Dreaming is Anthropic’s answer. It’s a batch process, completely decoupled from the agent loop, that:
- Reads session transcripts from past runs
- Inspects the current state of memory
- Proposes curated, consolidated updates
- Produces a verified new memory snapshot the next agents can adopt
Why out-of-band matters
Three benefits come from dreaming’s decoupled architecture:
-
Cross-session pattern detection. A single agent can only see its own history. Dreaming analyzes transcripts across all agents and sessions, which is where recurring mistakes and systemic inefficiencies become visible. In the SRE demo, dreaming discovered that a CPU spike was always followed 60 seconds later by an alert — a pattern no individual agent session could have noticed.
-
No objective conflict. An agent running in production must balance improving its memory quality against completing its actual task. Dreaming runs independently, so it can focus entirely on memory quality without trading off against task performance.
-
Zero latency added. Dreaming is completely off the hot path. It can run nightly, hourly, ad hoc, or triggered by events like end-of-session — all via API.
Production Patterns
Scheduling. Dreaming can be triggered via API on any cadence. Common patterns: nightly consolidation, end-of-sprint review, or event-triggered after a significant incident closes.

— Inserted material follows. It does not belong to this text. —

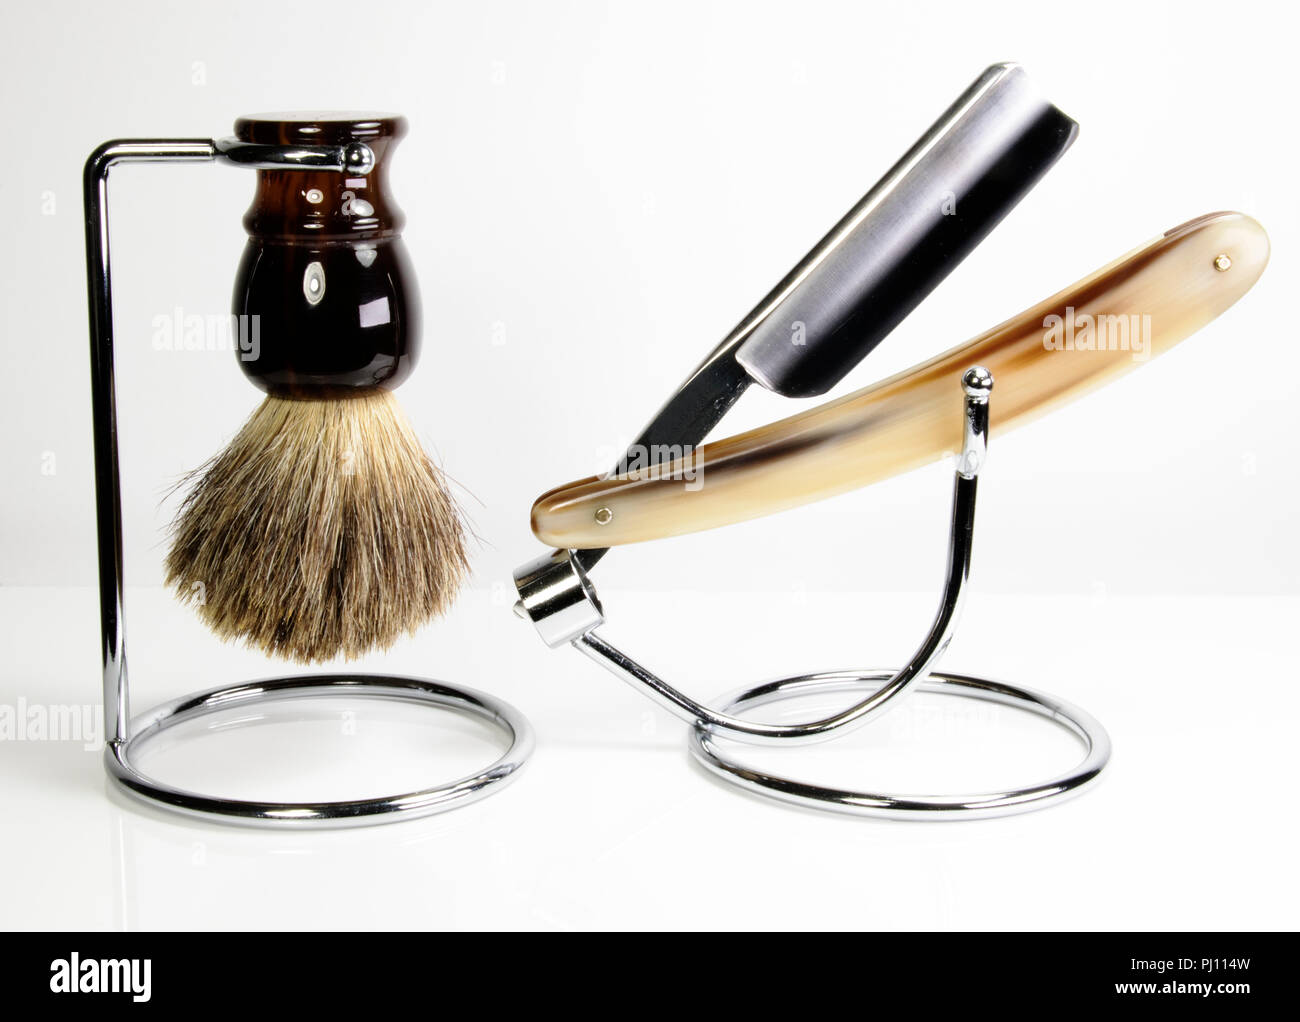 Friseur- Set mit Rasiermesser und Seifenschaum Bürste. Herren vintage  Nassrasur Ausrüstung Bürste und Rasierer in einem Ständer Stockfotografie -  Alamy

Memory API. Memory has a standalone CRUD API, so teams can manage it from anywhere — not just from within agents. This includes exports (for audits), redactions (for compliance), and diffs between versions.
Enterprise controls. Every write is version-controlled with attribution: which session wrote which part. Teams can inspect how memory evolved over time and roll back bad updates — critical for production trust.

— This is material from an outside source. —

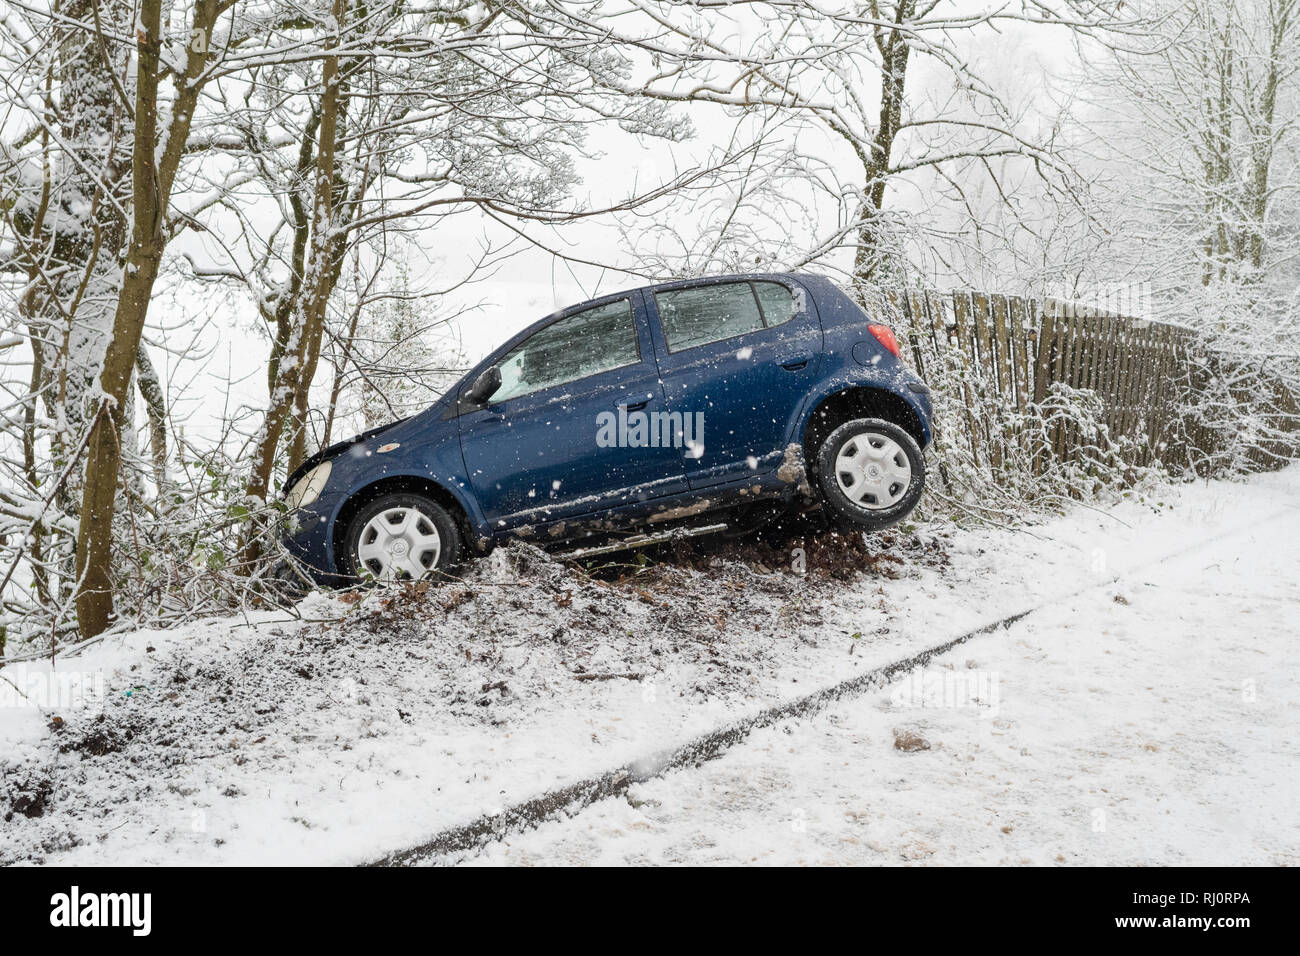 Accident de voiture dans la neige. Véhicule s'est retrouvé hors de la route dans la neige en hiver - Callander, Ecosse, UK (le consentement donné par le pilote indemne de voiture) Banque D'Images

Harvey’s result. With dreaming enabled on their legal benchmark, Harvey saw a 6× increase in agent completion rates. The cause: agents were independently learning from the same failures, each storing a fragmented lesson. Dreaming consolidated those into shared, high-quality guidance that every subsequent agent benefited from.
Check your understanding
4 questions · your answers are saved in this browser only
-
1. Why does Anthropic model memory as a file system rather than as a custom database?
-
2. What is the purpose of the organisation-wide read-only memory store in a multi-agent system?
-
3. Why is dreaming's out-of-band, decoupled design important?
-
4. What mechanism prevents two agents from overwriting each other's memory writes simultaneously?
Build it yourself
Follow these exact steps to reproduce it yourself
Try it yourself: persistent memory with the Managed Agents API
-
Provision a memory store via the Claude platform console or API. Start with a single read-write store.
-
Attach it to a session. Pass the memory store ID when creating a managed agent session. The store mounts as a virtual filesystem the agent can read and write using standard file tools.
-
Run two sessions sequentially on related tasks. In the second session, add to the system prompt: “Before starting, review the memory store for relevant prior findings.” Check whether session 2 references session 1’s work.
-
Trigger a dream. After three or more sessions, kick off dreaming via the API (or the console Dreams tab). Inspect the diff in the memory store — look for consolidation, deduplication, and new cross-session insights.
-
Add a read-only org store. Create a second store, populate it with a reference document (e.g. a coding style guide or an on-call runbook), attach it read-only to your sessions. Confirm agents reference it without modifying it.